Leaders prepare for last debate before federal election
This is it – the final televised leaders’ debate before the Oct. 19 election happens tonight in Montreal.
Friday’s “Face à Face 2015” debate will focus on three wide-ranging issues: the economy and public finances, security and Canada’s place in the world, and social policies and governance, TVA said.
It will feature six head-to-head rounds of four minutes each and three open debate periods on those topics. Each leader will also get 90 seconds to speak directly to voters to end the debate.
And one issue dominating the campaign in Quebec is sure to be on the agenda at the French-language event, hosted by the TVA network: the niqab.
It took less than 20 minutes for the face veil to come up during the first election debate in French last week.
And in Quebec City on Wednesday night, Conservative Leader Stephen Harper said his party was the only one that could ban the niqab from being worn at Canadian citizenship ceremonies.

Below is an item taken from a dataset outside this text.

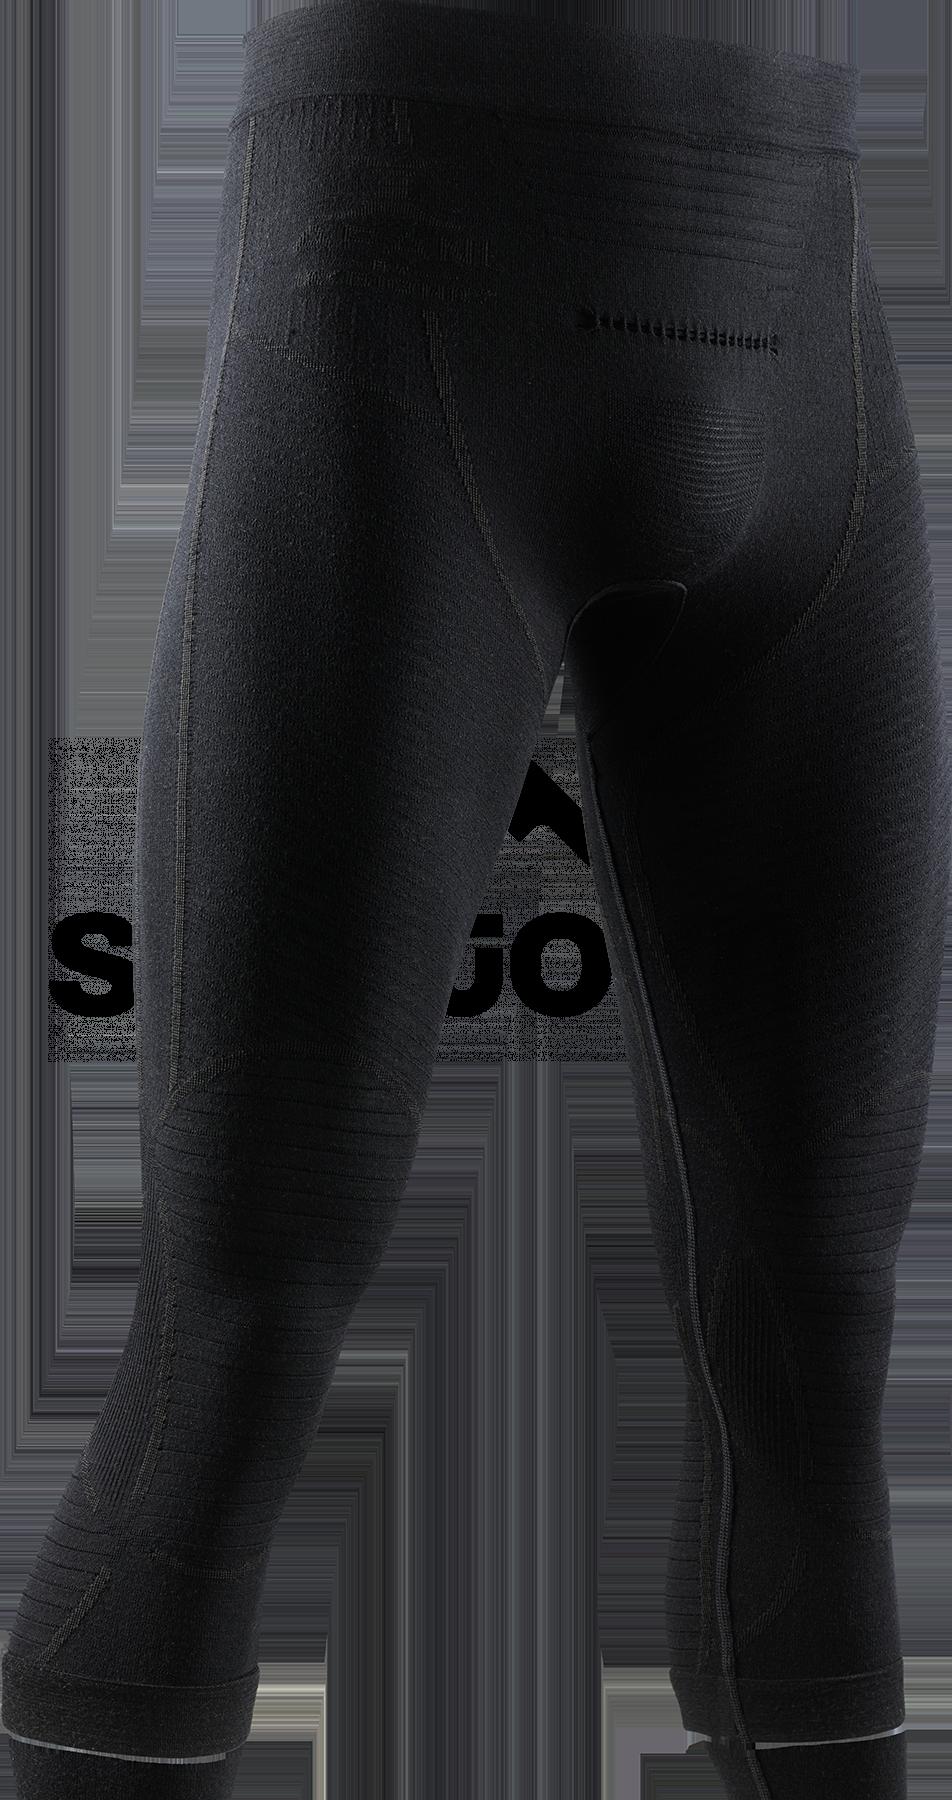 AP-WP07W19M-B026_X-Bionic Apani 4.0 Merino Pants 3/4 M

Bloc Québécois Leader Gilles Duceppe also supports a ban, a position that appears to line up with a majority of Quebecers.
Liberal Leader Justin Trudeau is against a ban, and NDP Leader Thomas Mulcair says he’s against women covering their faces when identifying themselves. Both have accused Duceppe and Harper of distracting voters with an issue that impacts only a tiny fraction of would-be Canadians.
But the Conservative leader appears to be hoping his stance on the veil will buy him votes in Quebec, where his party won only five seats in 2011.
While the NDP swept Quebec in the last election, Mulcair will be trying to use this debate to hold on to that key base of support – especially after a recent poll showed that the New Democrats are quickly losing ground in la Belle Province.
Mulcair was in a key Montreal riding on Thursday, which the NDP won over Duceppe in 2011. In a speech delivered mainly in French, Mulcair said he would put money into renewable energy and home retrofits as part of a plan to fight climate change.
Viewers can also expect the leaders to touch on other major issues weighing on the minds of Quebecers, like the economy and public safety, on Friday’s debate.
Green Party Leader Elizabeth May was not invited to participate. Earlier this week, a Green Party candidate in Montreal criticized TVA for inviting Duceppe over May.
Daniel Green accused the network of favouring Duceppe because of his close relationship to Pierre Karl Péladeau, who heads the Parti Québécois and is the controlling shareholder in Quebecor, which owns TVA.
The network and Péladeau denied any bias.
TVA news presenter Pierre Bruneau will host the debate tonight. It starts at 8 p.m. and will be broadcast live on TVA and LCN and online at tvanouvelles.ca.